When carried out using traditional management models, based on centralized and weakly distributed management paradigms (Martin-Flatin, Znaty & Hubaux, 1999; Martin-Flatin, 2003; Schönwälder, Quittek & Kappler, 2000), the employment of polling to monitor modern, high speed networks becomes a critical issue because the volume of generated traffic and the processing power required to deal with this management information is prohibitive. Given that, polling tends to be avoided as much as possible, or even replaced by other methods, such as instrumenting managed devices to automatically send a notification when anomalous situations are internally detected.

However, avoiding polling activity is not possible in many situations. It occurs, for example, when a management application must monitor the status of a device variable that does not generate events. It also happens when the notification itself is sent via an unreliable transport mechanism such as the User Datagram Protocol (UDP) as used by the Trap messages in the Simple Network Management Protocol (SNMP) (Harrington, Presuhn & Wijnen, 2002). In fact, it occurs frequently, as can be observed in recent investigations (Schönwälder, Pras, Harvan, Schippers & van de Meent, 2007) on the actual use of SNMP, in which SNMPv2 confirmed notifications (Inform messages) (Harrington, Presuhn & Wijnen, 2002) were rarely found in SNMP usage in actual production networks. In addition, such research work (Schönwälder, Pras, Harvan, Schippers & van de Meent, 2007) has confirmed that traditional, polling-based network monitoring responds for most of the SNMP traffic generated. This means that although alternatives for polling do exist, traditional polling is still extensively employed.

Nevertheless, polling architectures of traditional management models are not feasible to be used in modern networks. In such traditional architectures, the polling of all devices is executed by a single or few management stations. This causes serious scalability problems because there is a large overload of management traffic in the management stations as well as in the links close to them. Moreover, such architectures have fault tolerance problems because, if the communication between the managed device and the management stations is lost, the monitoring of all devices managed by this station is interrupted. This way, alternative approaches have to be investigated to execute polling-based network monitoring in current days.
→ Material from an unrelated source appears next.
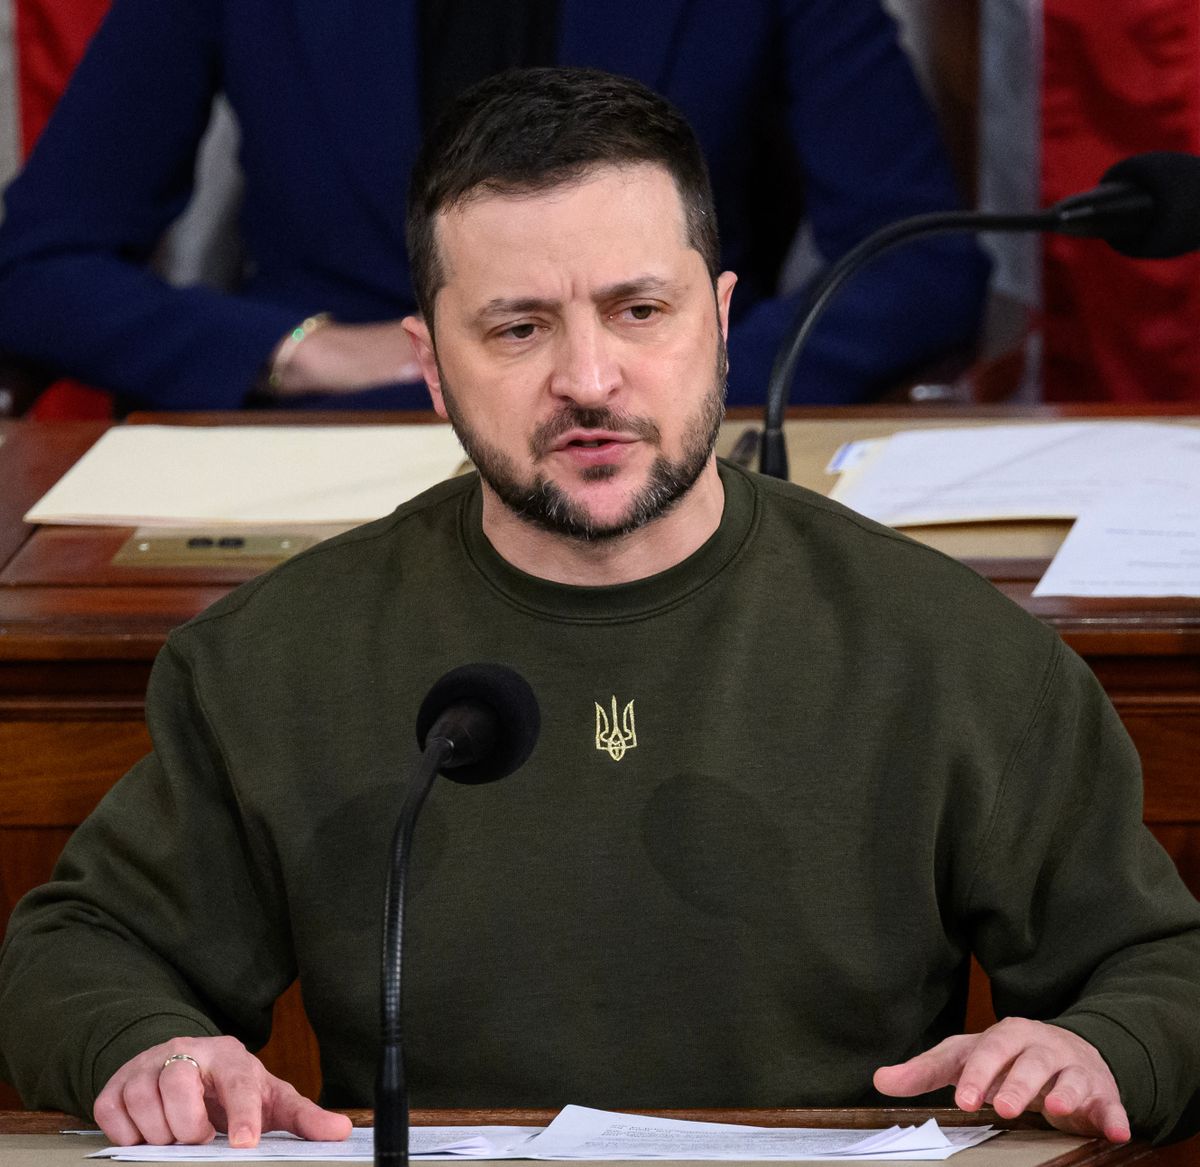 Ukraine's President Volodymyr Zelensky addresses the US Congress at the US Capitol in Washington, DC on December 21, 2022. - Zelensky is in Washington to meet with US President Joe Biden and address Congress -- his first trip abroad since Russia invaded in February.

A promising alternative for distributed management systems is peer-to-peer (P2P) technology (Lua, Crowcroft, Pias, Sharma & Lim, 2005; Androutsellis-Theotokis & Spinellis, 2004). P2P systems are largely used today in distributed systems, in a large range of application fields, including file sharing, communication, collaboration, distributed computing and distributed storage. Such systems operate based on virtual networks (called P2P overlay networks) composed of heterogeneous nodes (peers) and virtual links between such nodes. Because of its features, it can be analyzed as a technology that provides support for the distribution of network management operations to a large number of peers, bringing benefits such as scalability, fault tolerance, flexibility and collaboration among human administrators in a cooperative management overlay (Granville, Rosa, Panisson, Melchiors, Almeida & Tarouco, 2005).